Потом он вспомнил своих соседей, уютный диван, который дожидался его в квартире, и потихоньку приободрился. Хотя, если вспомнить, какой год на дворе…
– Интересно, кто из них меня заложит, – пробормотал Сергей и пошел домой.
В темноте было почти не видно, как в окне второго этажа тихонько колыхнулась белая занавеска.
VII
Рано утром в лаборатории Барсов снова и снова прокручивал записи разговоров супругов Хворовых.
– Невероятно, – бормотал он, – какое полное отсутствие любопытства.
Супруги болтали целый час перед сном, ни словом не упомянув его пластмассовые ведра, авангардную для того времени одежду и суперобои. Николай Васильевич заметил, что Сергей – приятный молодой человек, выразил надежду, что он будет хорошо работать, а Раиса Кузьминична пожелала, чтобы он поскорее женился и наладил художественную самодеятельность в институте.
– Надо будет обсудить этот вопрос на следующем партсобрании, – зевнула она, и чета Хворовых погрузилась в спокойный глубокий сон.

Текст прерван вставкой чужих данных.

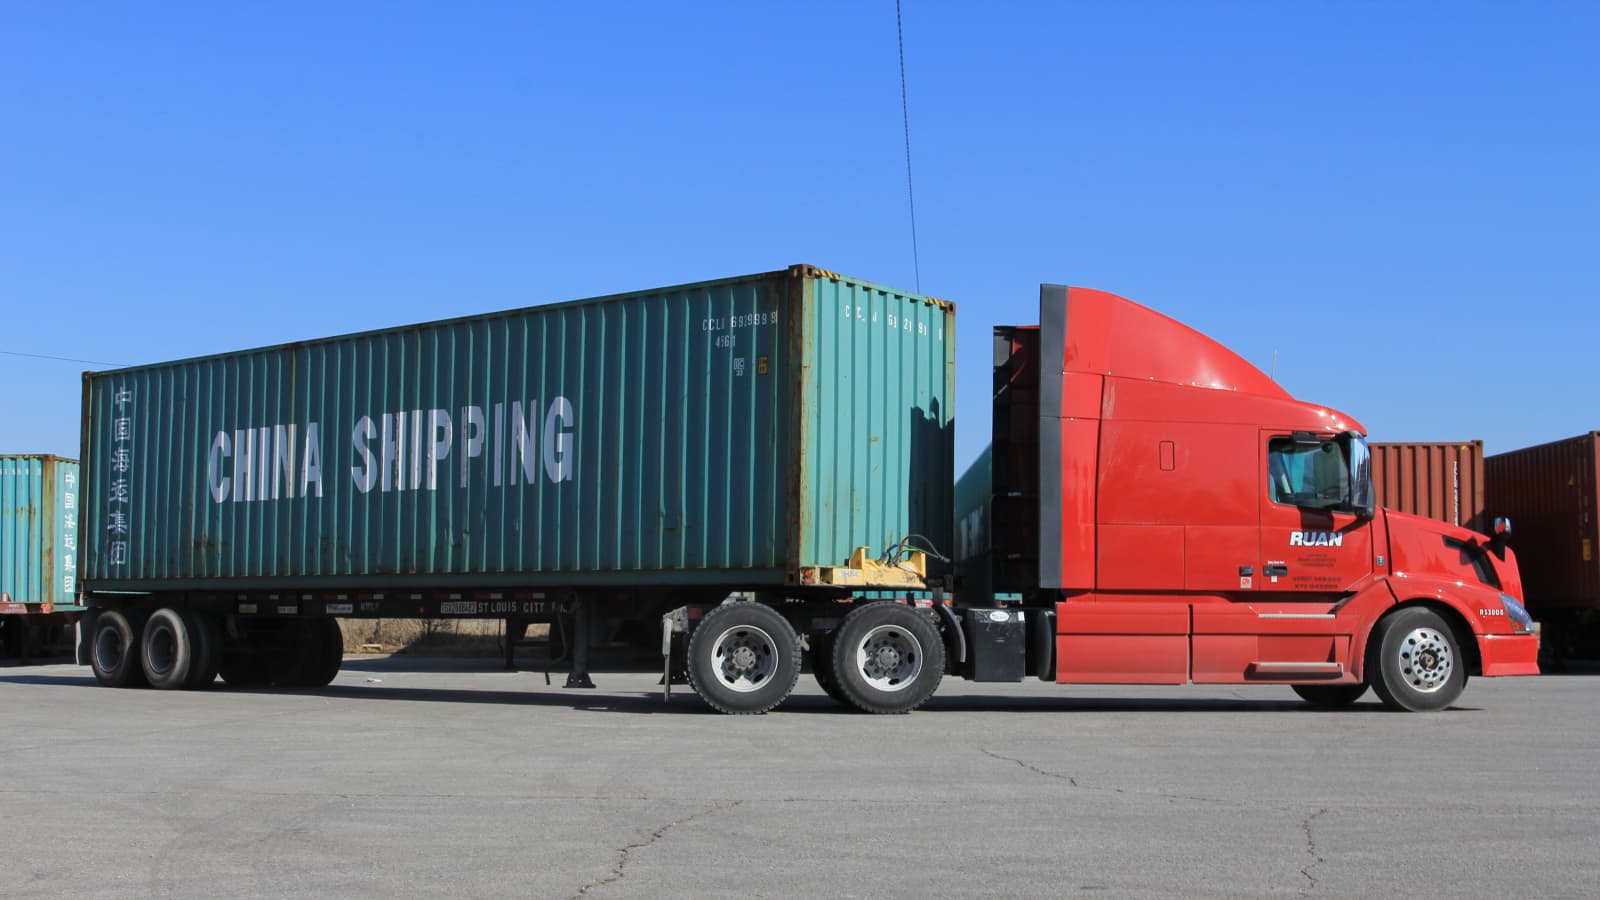 Перевозка грузов автомобильным транспортом имеет свой собственный набор проблем, но при принятии правильных мер поставщики логистических услуг могут наслаждаться более плавной ездой. DHL Logistics of Things

Их утренние разговоры касались уже работы. Было ясно, что они воспринимали Сергея как своего соседа и коллегу – но не более того.
– Черт знает что! – злился шеф, думая, как задеть любопытство соседей, которое, наконец, перерастет в зависть. – Не с чем работать. Чем же их, черт побери, подцепить?
Он вставил диск с разговорами в инфаковской аудитории, где Сергей преподавал английский. Там его ждали некоторые открытия.
– Нинка, – послышался голос «комрад» Секретаревой. – От тебя, что ли, пудрой воняет?
– Тише ты, – прошептала ее собеседница Нина. – Я не пудрюсь. Это Демин мимо прошел.
– Точно, – заржала Секретарева. – Демин пудрится. На каждой перемене коробку достает. У него и тетради все жирные от пудры.
Барсов не сразу вспомнил, что его современницы о компактной пудре еще не подозревали, а пудру добывали из круглых коробочек, где она лежала в виде тошнотворно пахнущего розового порошка. Вместо пуховок использовали неопрятные ватки.